Slipping before rolling (Rotation)

[weesiang_loke]

Homework Statement

Consider a solid disc (cylinder) with mass M and radius R initially rotates with an angular velocity $$\omega$$. Then it is slowly lowered to a horizontal surface with coefficient of kinetic friction, $$\mu$$. What is the distance of the disc traveled before it starts to roll without slipping.

Homework Equations

Force, Impulse and One-dimensional kinematic equation, etc.

The Attempt at a Solution

i used -$$\frac{dL}{dt}$$ = R $$\frac{dP}{dt}$$
where L is the angular momentum and P is the linear momentum.

Then i get -$$\Delta$$ L = R*$$\Delta$$P as $$\Delta$$t $$\rightarrow$$0
so, -I ( $$\omega$$_f - $$\omega$$ ) = MR($$\upsilon$$_f - 0)

after that i change the I into 0.5*M*R^2 and $$\upsilon$$_f=R*$$\omega$$_f (condition for rolling without slipping).
So my v_f = 1/3 * R *$$\omega$$.

since the frictional force is M*g*$$\mu$$, so the acceleration a = $$\mu$$*g.

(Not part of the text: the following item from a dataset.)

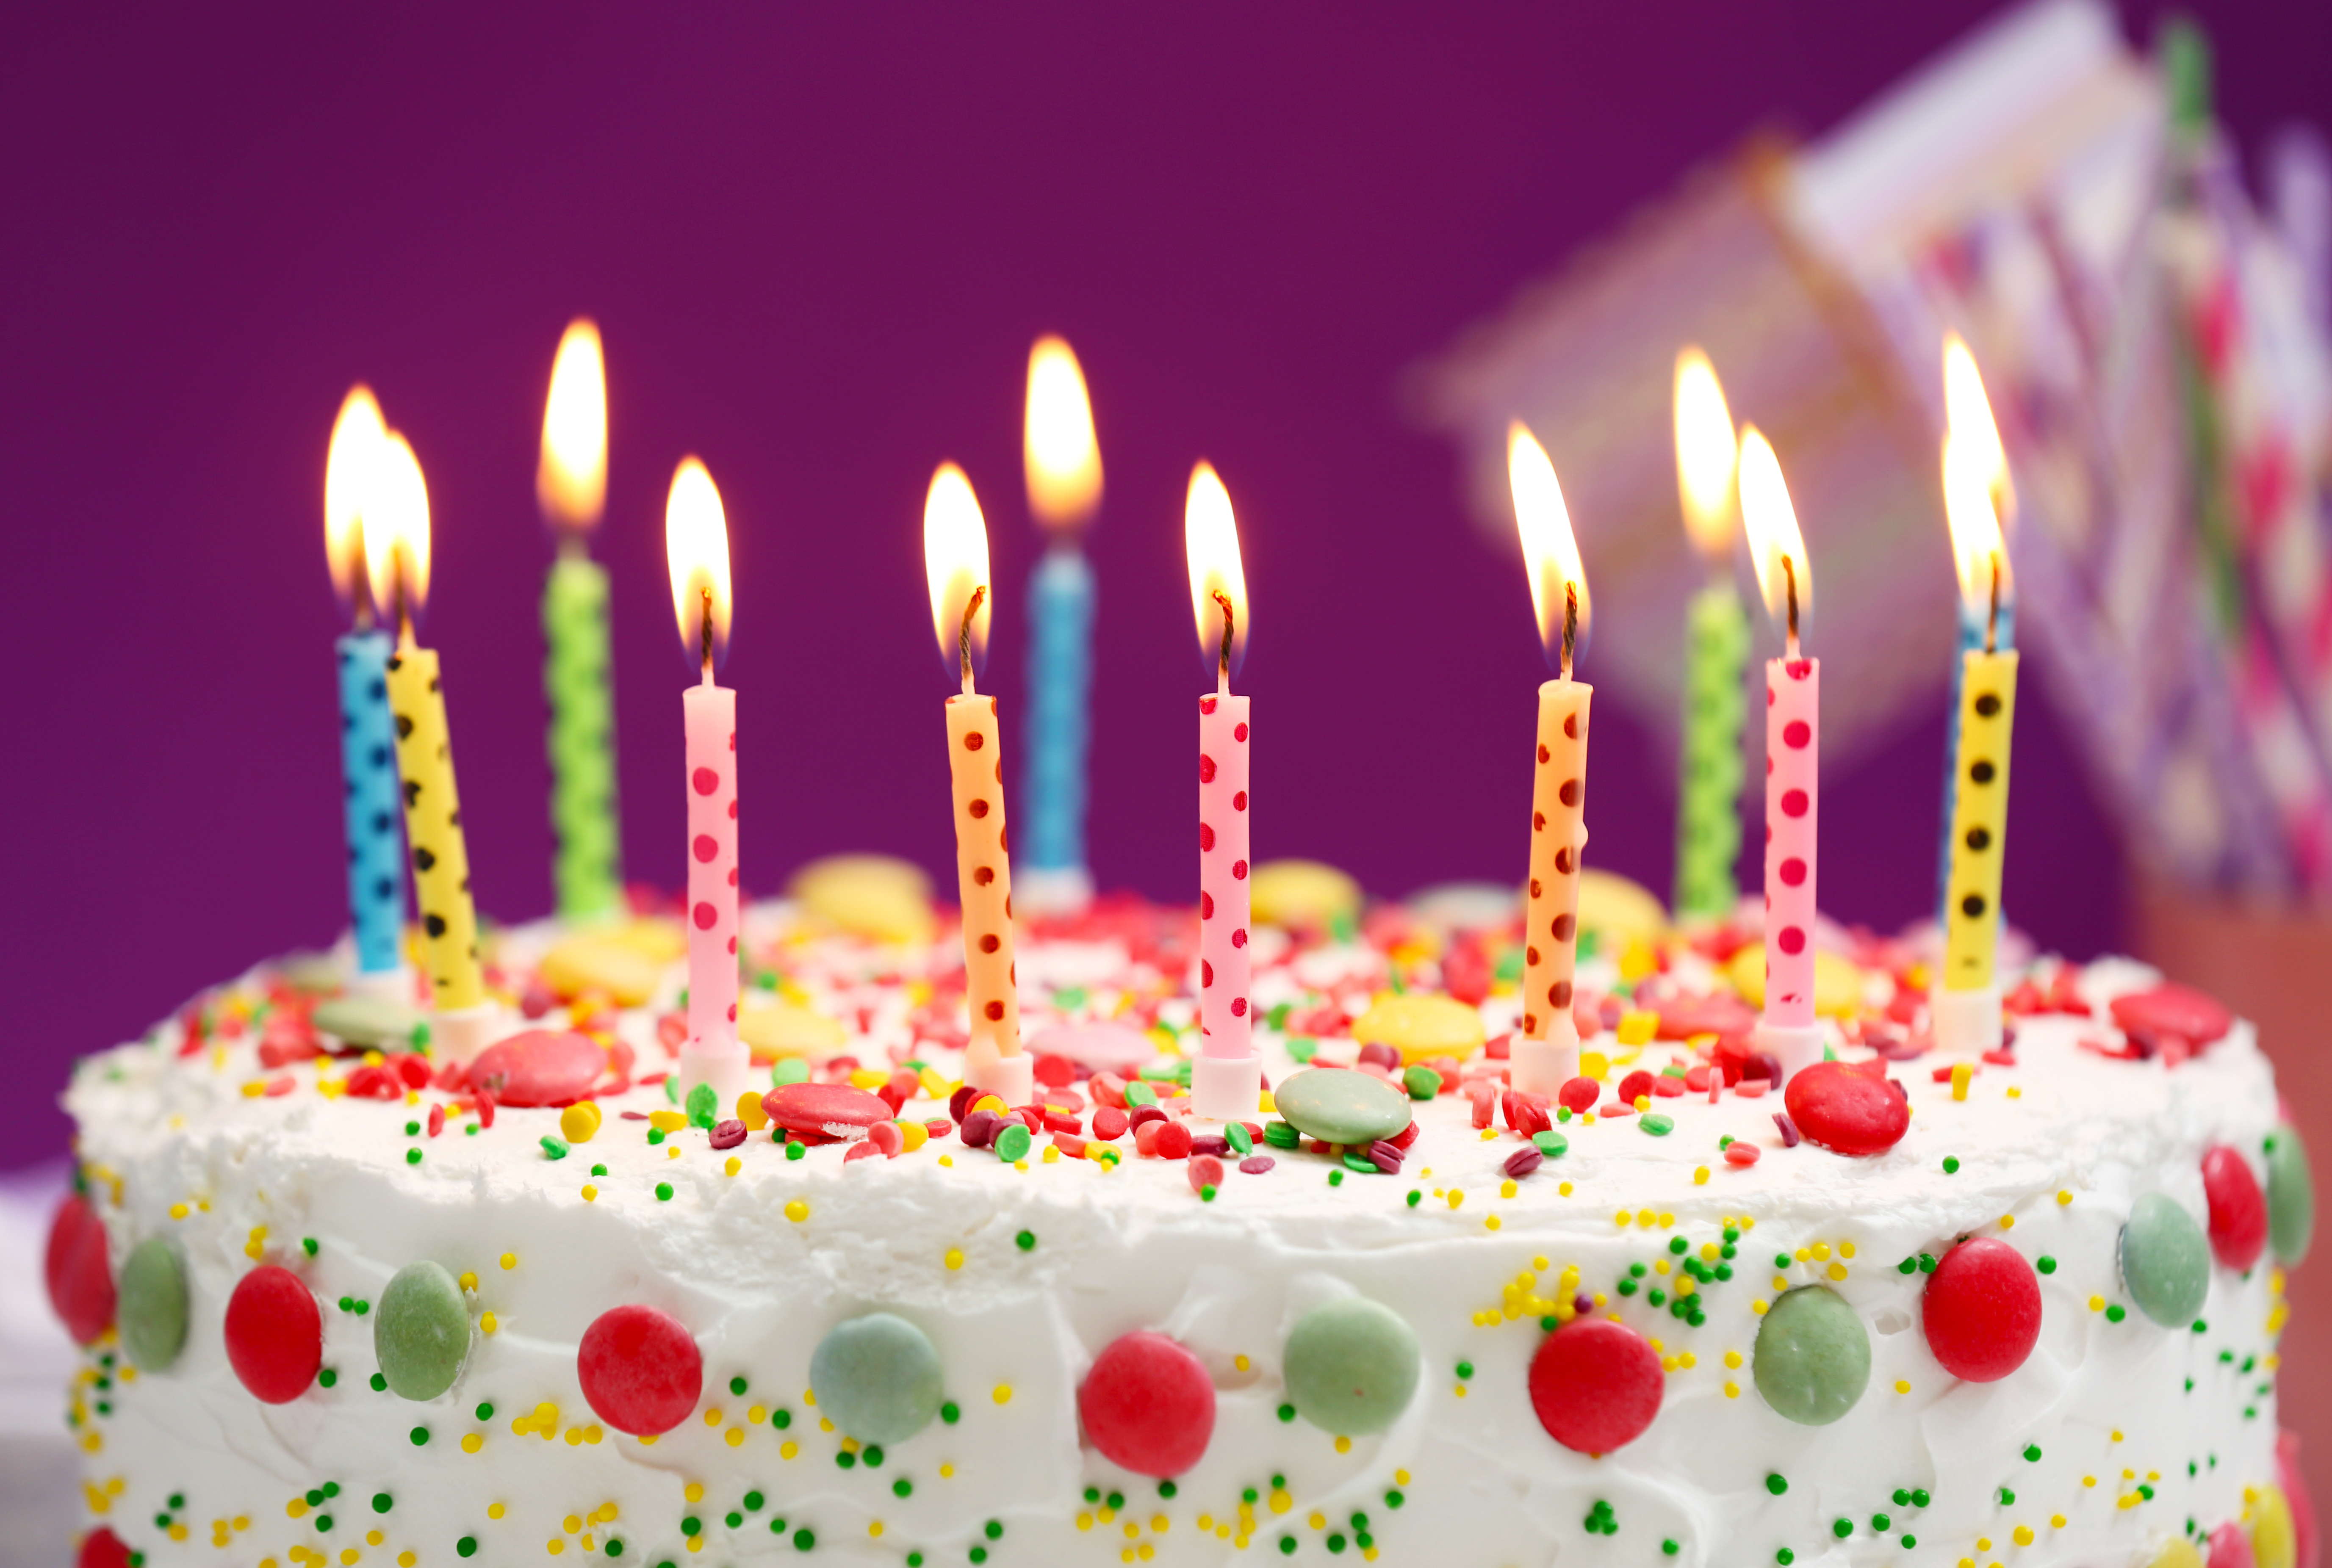 C f b day. Тортик с днем рождения. Красивые торты на день рождения. Свечи для торта. Открытка с днём рождения торт.

After that i use the linear motion equation: v^2 = u^2 + 2as
so we have (1/3 * R *$$\omega$$)^2 = 0 + 2*($$\mu$$*g)*s
so the distance traveled is ((R *$$\omega$$)^2) / (18*$$\mu$$*g)

The answer is correct.

But actually my question is why can we applied " -$$\frac{dL}{dt}$$ = R $$\frac{dP}{dt}$$ " at the beginning especially with that negative sign there. And what is the equation there stands for?

Pls help me because i am really confused here.. Thanks

 

[Hootenanny]

The equation arises from the definition of angular moment and is just a statement regarding the conservation of momentum. The definition of angular momentum for a point particle is

$$\mathbold{L} = \mathbold{r}\times\mathbold{P}$$.

Taking the derivative with respect to time yields,

$$\frac{d\mathbold{L}}{dt} = \frac{d\mathbold{r}}{dt}\times\mathbold{P} + \mathbold{r}\times\frac{d\mathbold{P}}{dt}$$.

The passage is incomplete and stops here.